B. We Don't Even Want a SHA! How Can We Quickly Refer to a Nearby Ancestor?
To refer to a parent
that's nearby a little,
append one of those characters
that looks like a squiggle.
And if you get scared
because there's no second parent,
remember to add a "2"
right after a caret.
2. git log
Tricks
A. Don't Need Your Life Story: How Can We See Commits That Belong Only to This Branch?
There are commits on two branches,
but one branch we'll pooh-pooh.
Put the excluded branch first
and then use the dots two.
Got more branches to exclude,
and you need a better format?
There can be another way,
using the character that's a top hat.
B. Do These Branches Have a Different History? How So?
There are commits on two branches.
You want commits with exclusivity.
Put both branches in your `git log`
and use three dots, a trinity.
A list of unique commits
can be a muddled sight.
When you use the three dots,
make sure to add `--left-right`.
C. We Did Something Somewhere. How Can We Search for It?
Some change happened
for which we must search.
We can use the command
that sounds like it's birch.
To search for a change
in your branch tree,
reach for the flag
that's a capital G.
Want to search through the messages
that somebody wrote?
Use the option that sounds
like an amphibian croak.
Want to search all branches,
both the big and the small?
It's easy, but long-lasting:
append the option `--all`.
D. These Commit Messages are Unhelpful
`git log -p` is one
for the ages.
It will show each commit
with accompanying changes.
3. Further Wonders Using the -p
Option (aka, --patch
)
When manipulating the index
or the working directory,
`-p` can make commands
work incrementally.
A. We Can't Possibly Stage ALL These Changes for One Huge Commit!
To stage bits of changes
in a way that is partial,
`git add -p`
should be in your aresnal.
B. Ugh, We Staged Too Many Changes Anyway
With an overloaded index
that's unfit for commit,
`git restore -p`
will unstage bit by bit.
C. Can We Half-Stash this Half-Baked Idea?
To put aside hunks
you don't want to destroy,
`git stash save -p`
is what you'll employ.
D. Let's Go Back to the Way We Were, Just a Little.
To restore chunks of history
you think are worthwhile,
try `git checkout -p`
with a `<branch>` and a `<file>`
4. git diff
Tricks
A. Uh, Did I Leave any Improper Whitespace?
Leaving lots of whitespace
and your team says "What the heck!?"
Take a peek before you commit
with the helpful `git diff --check`
B. This Diff Is Too Big To Understand :(
If the diff is a
bloated, swollen, lamentation,
exclude files with a
single-quoted colon, exclamation!
C. We're About to Merge, but the Diff Makes No Sense!
You're eager to combine,
but fight the urge!
Diff with three dots
before you merge!
The target may have changed
since the days of yester,
but three dots create a diff
against the common ancestor.
D. Time To Commit! Now What Did We Do Again?
Frustrated by the changes
you can’t see?
When you commit,
use `-v`!
5. An Ode to git reset --soft
, git reset
, and git reset --hard
HEAD points to a branch
And a branch points to a commit.
Think of it like
A triple-decker sandwich.
`checkout` repoints HEAD.
It's safe without a file.
`reset` repoints the branch.
Learning the options is worthwhile:
Repoint your branch,
work and index you keep?
Use `git reset --soft`,
like you're not saying a peep.
Repoint your branch
And revert your index?
Keep `git reset` clean,
like you're spreadin' windex.
Repoint your branch,
blow all work to char?
Use the all powerful
`git reset --hard`
6. Commands to Use If We Need to Iterate
A. List Tracked Files
What exactly is Git tracking,
After all these endless miles?
To get this list of data
you need `git ls-files`.
B. List Commits
You want a list of SHAs,
just this itty bitty gist.
You can traverse a commit's history this way
by passing it to `git rev-list`.
7. Apocalypse Now
A. I Messed Up My Interactive Rebase. Again.

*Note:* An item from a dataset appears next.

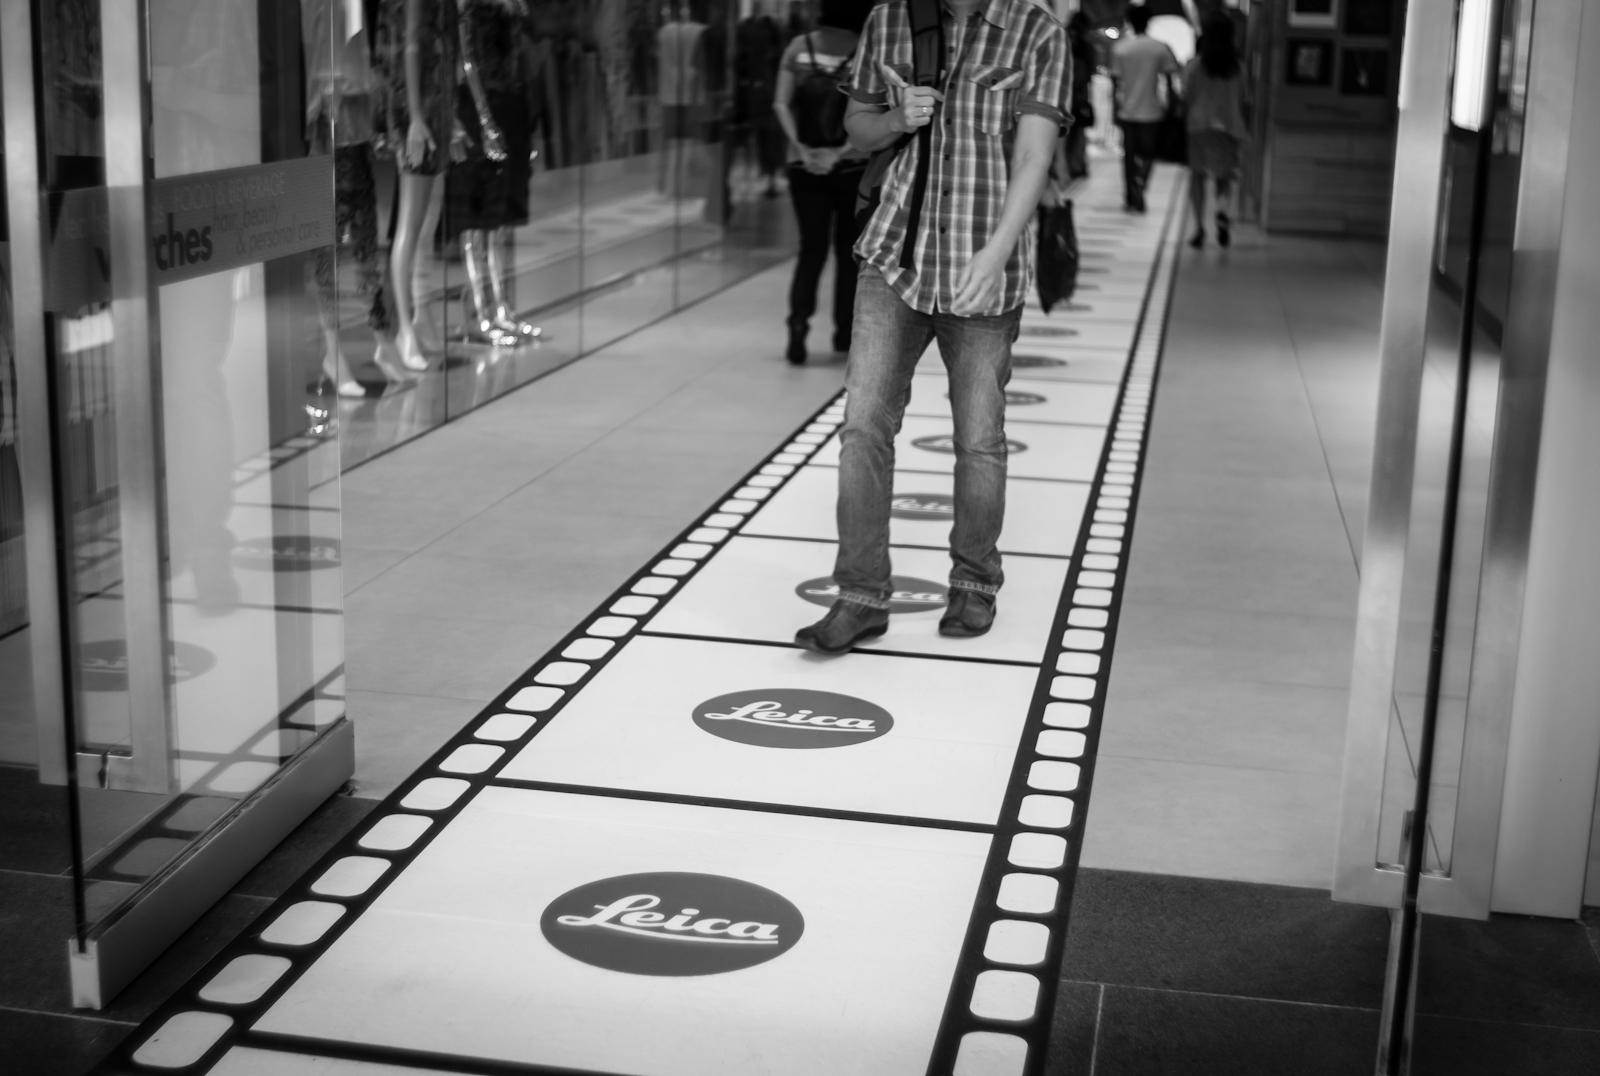 Street photography - Leica print on the ground

After interactive rebasing,
myself I am kicking.
I messed things up badly
with my squashing and picking.
I know I can reset
with help from `reflog`
but when I see the log list
I'm all in a fog.
Many reflogs say "rebase",
but I need to have smarts.
For undoing, the HEAD I need is
right BEFORE "rebase" starts.
B. I Think I Just Lost A Commit and reflog
is No Help
You've lost a commit and
you're crazy with stress!
Use a Git curse word,
but replace `u` with `s`.
C. I Need to Change Everything Since the Dawn of Time
All the history's messed up!
Apocalyptic avalanche!
To change every single commit,
you need to research `filter-branch`.
Examples and Discussions
Example:
git show 9c4e
If we want to git show
SHA 9c4368c
, we can just type in the command above. If Git doesn't understand or needs more characters, it will let us know.
Examples:
git show HEAD~
git show HEAD~3
git show HEAD^
git checkout HEAD~^2
Let's say we want to git show
the commit before HEAD
, and then the commit before that, and then the commit before that. Appending a tilde (~
), along with the number of steps back up the chain, is very handy.
# See the commit before HEAD:
git show HEAD~
# And see the commit before that:
git show HEAD~2
# And see the commit before that one:
git show HEAD~3
A caret (^
) will also show us a parent commit. The key difference between ^
and ~
is that ~
only shows the "first" parent or a chain of "first" parents. This works fine if we only do fast-forward merges, where each commit only has one parent. But if this is not the case, the caret can be used to see any other parent commit that participated in a merge.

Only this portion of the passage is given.